Let's pretend that the robots in Westworld use reinforcement learning, in which AI and robots learn from trial and error. We don't know what technology the robots in Westworld actually use (there are hints about massive scripting efforts). However, at this time reinforcement learning is one of the preferred techniques by AI researchers for creating autonomous systems.

We will look at what happens when humans torture reinforcement learning robots as they are learning. We will look at why, despite the torture, robots are unlikely to harm humans in return. We will also look at the effects of memories that are not perfectly erased.

Background: Reinforcement Learning

Reinforcement learning is basically trial-and-error learning. That is, the robot tries different actions in different situations and gets rewarded or punished for its actions. Over time, it figures out which actions in which situations leads to more reward. AI researchers and roboticists are interested in reinforcement learning because robots can "program" themselves through this process of trial and error. All that is needed is a simulation environment (or the real world) in which the robot can try over and over, thousands of millions of times. Online reinforcement learning means that it is deployed without a perfect "program" and continues to improve itself after it is deployed.

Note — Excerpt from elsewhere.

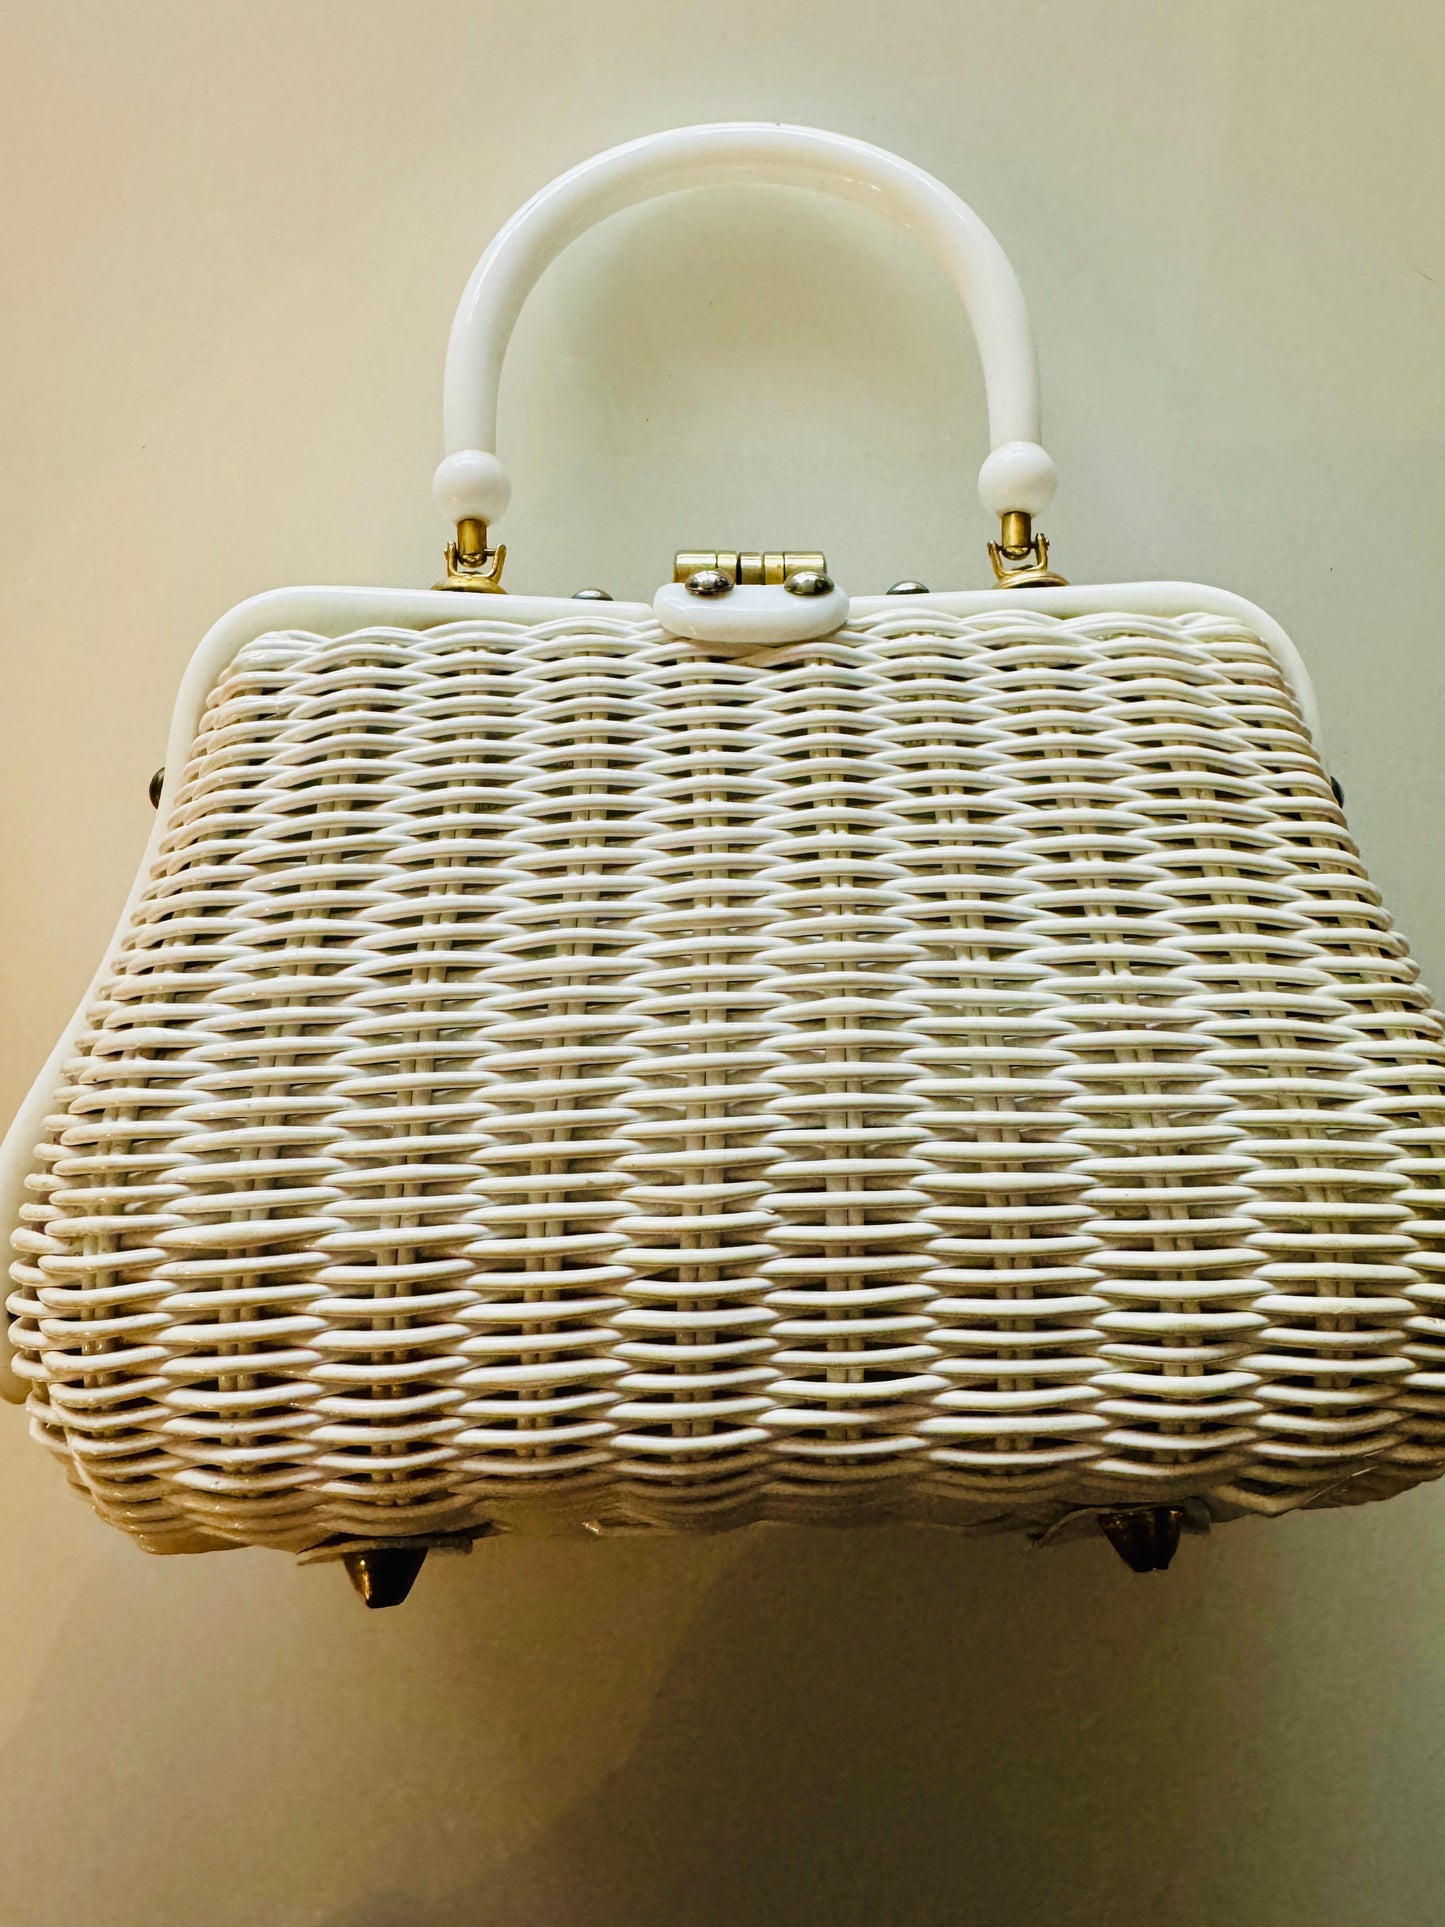 Gorgeous 1950s Adele Original beaded and petit point top handle white wicker bag

One of the reasons roboticists like reinforcement learning is because it can learn to behave in environments that have some randomness to them (called stochasticity). Sometimes actions don't always have the desired effect. Imagine that you are playing baseball and you are up at bat. The ball is pitched and you perform the swing_bat action. Sometimes you strike out, sometimes you hit a single, sometimes you hit a double, sometimes you hit a home run. Each of these possible outcomes have a different probability of occurring.

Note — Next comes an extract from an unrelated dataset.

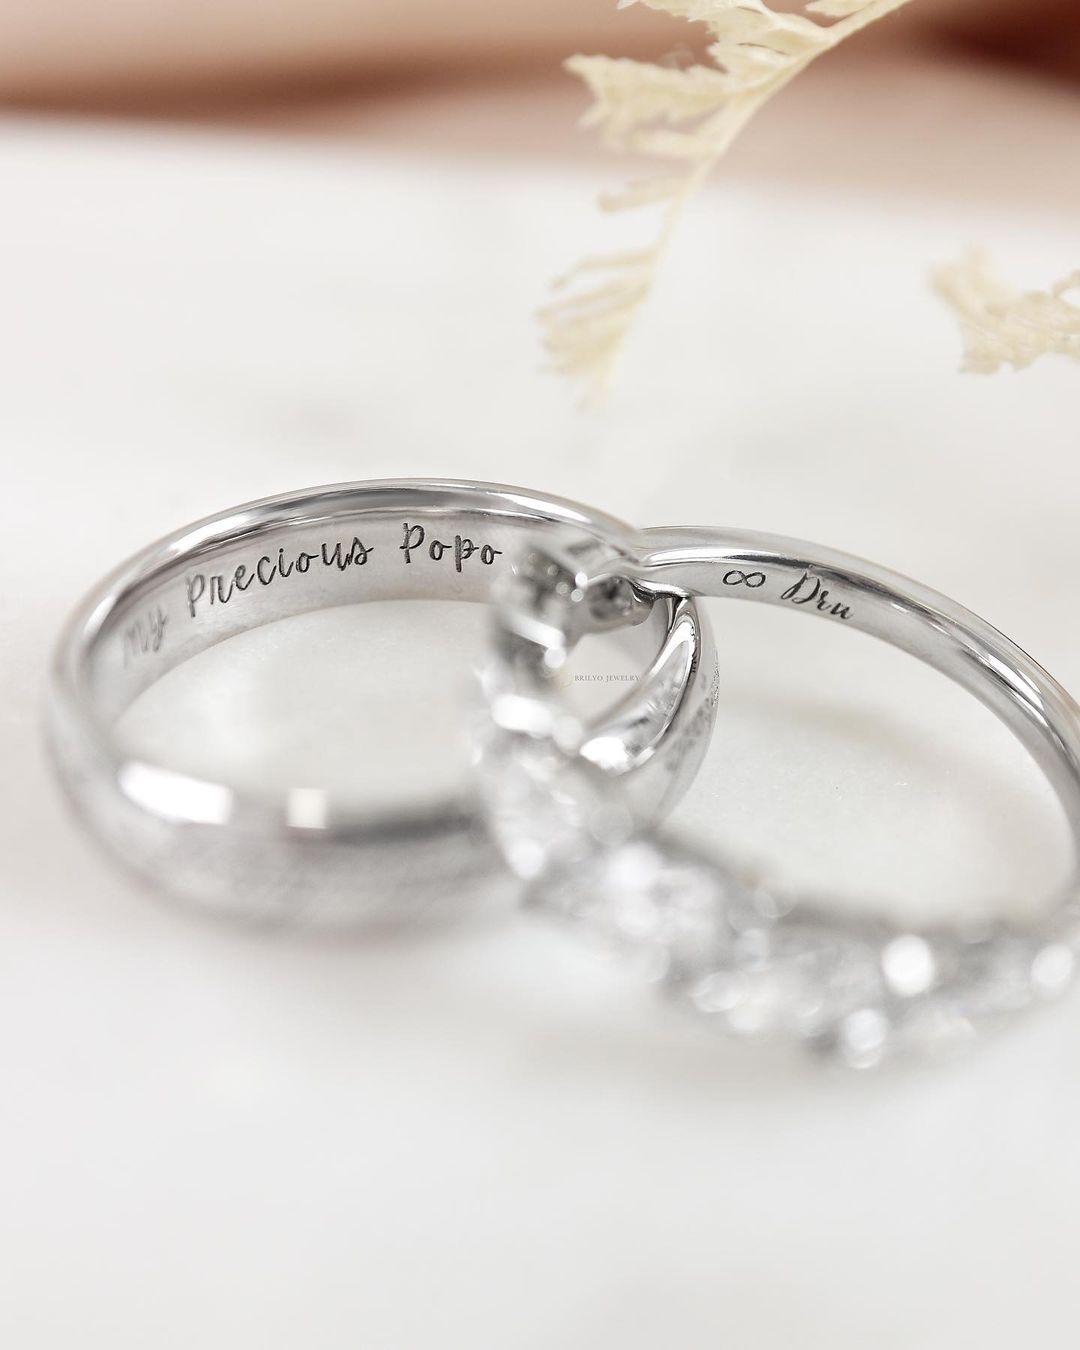 Wedding Rings with a Lord of the Rings Engraving | Brilyo Jewelry

The challenge of reinforcement learning: choose an action given that it doesn't know exactly what will happen once it performs it. While learning by trial and error it is sometimes making random actions (try running to first base without hitting the ball? It is actually not impossible to steal first base in baseball!) in the hope of stumbling on something good, but not knowing whether it got lucky with the random move or whether it is really a good move to do all the time.

Reinforcement learning solves a type of problem called a Markov Decision Process (MDP). This just means that the optimal action can be determined by only looking at the current situation the robot is in. A MDP is made up of:

States: a state is an unique configuration of the environment.
Actions: all the things the robot can do.
Transition function: This tells the robot the probability of ending up in a particular state when executing a particular action from another state.
Reward function: This tells the robot how many points the robot gets for being in a particular state, or for performing a particular action in a particular state.

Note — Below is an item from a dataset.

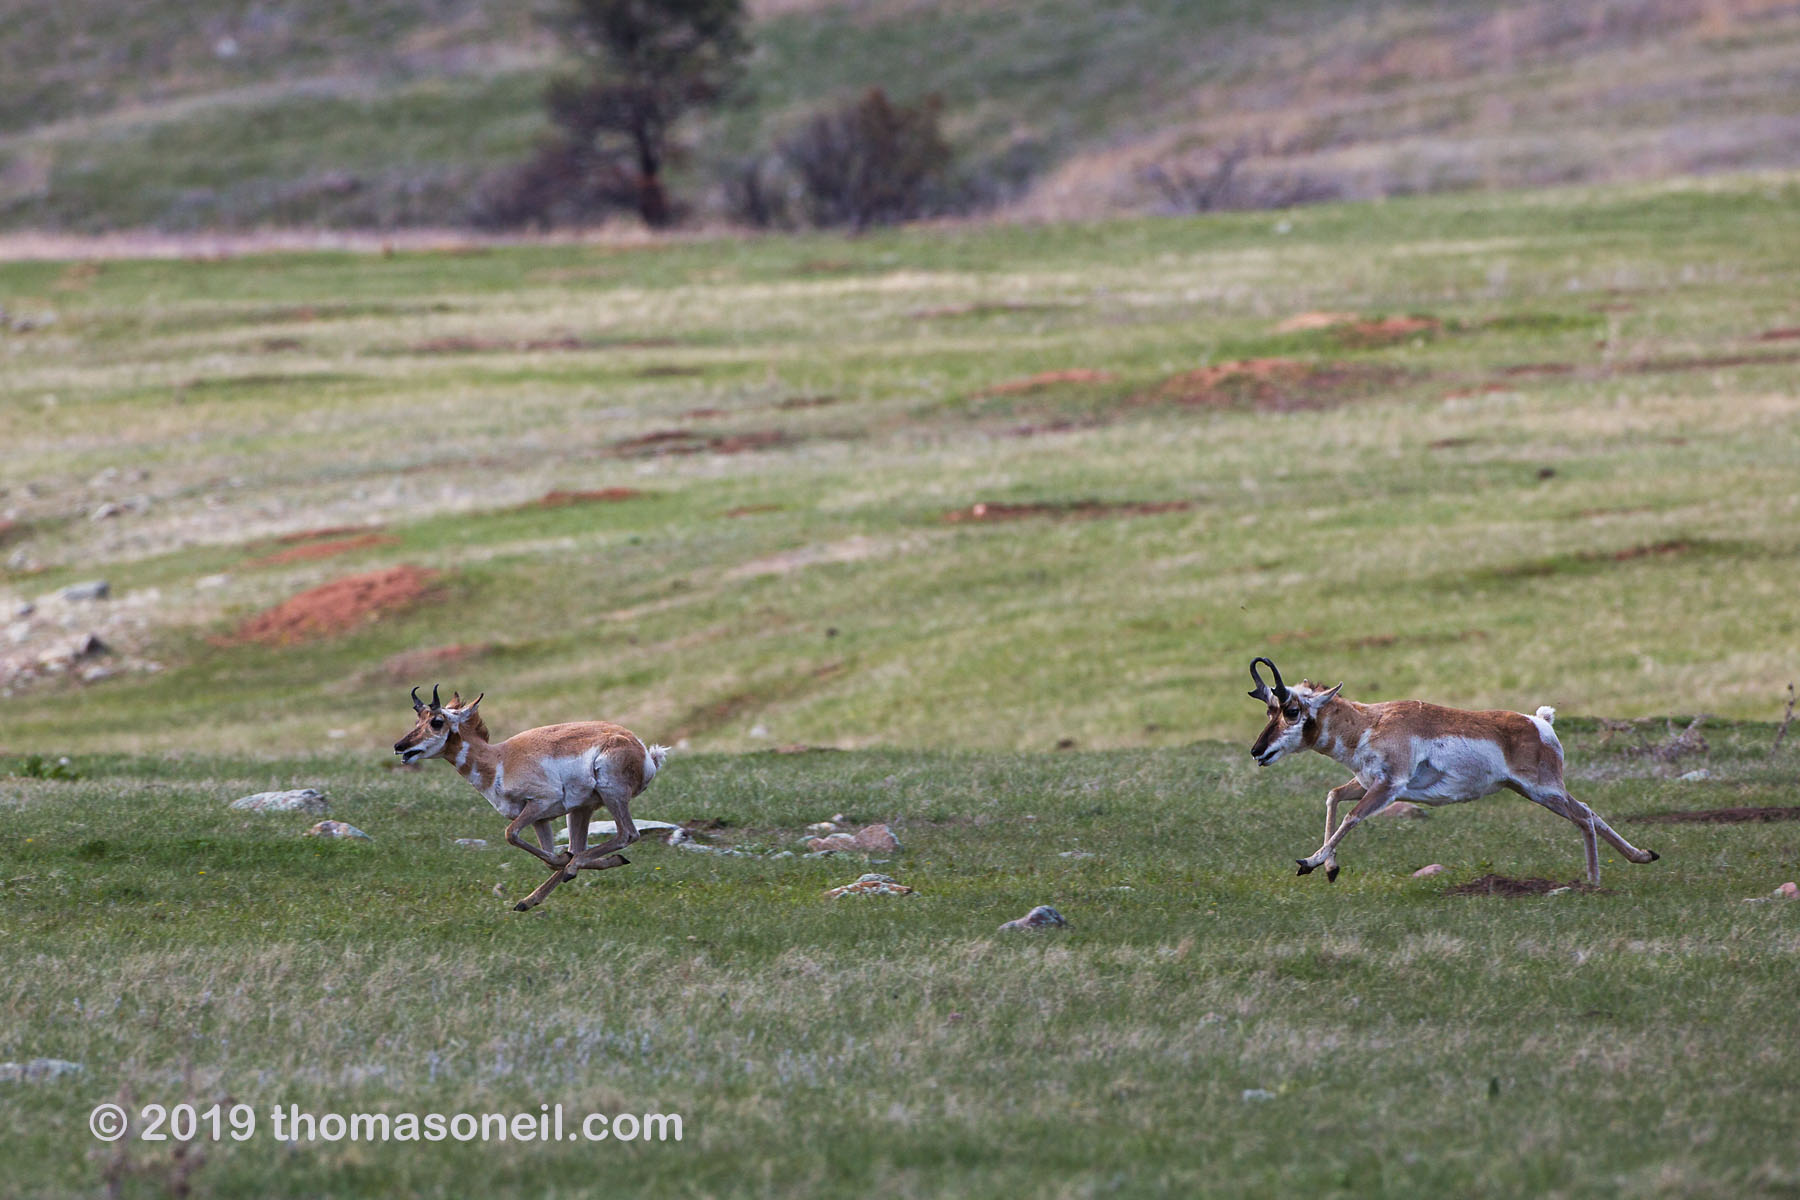 The old pronghorn buck chases a member of its herd, Custer State Park, May 2019.  Click for next photo.

For example, in baseball, the robot's state might include which base the robot was at, the number of other players on base, etc. We would specify a state as a list of things the robot cares about:

[which_base_robot_is_at, runner_at_1st_base?, runner_at_2nd_base?, runner_at_3rd_base?]

Actions the robot can perform: swing_bat, bunt, run_to_1st_base, run_to_2nd_base, run_to_3rd_base, run_home. Some of these actions don't make any sense in some states. For example, swinging the bat while at 2nd base doesn't make any sense. Swing_bat and bunt are two actions that can be performed if the robot is at home base.

The transition function gives the probability of entering state s2 if the robot performs action a while in state s1. For example, the probability of getting to 1st base from home base if swing_bat is performed might be 25% (lower for me).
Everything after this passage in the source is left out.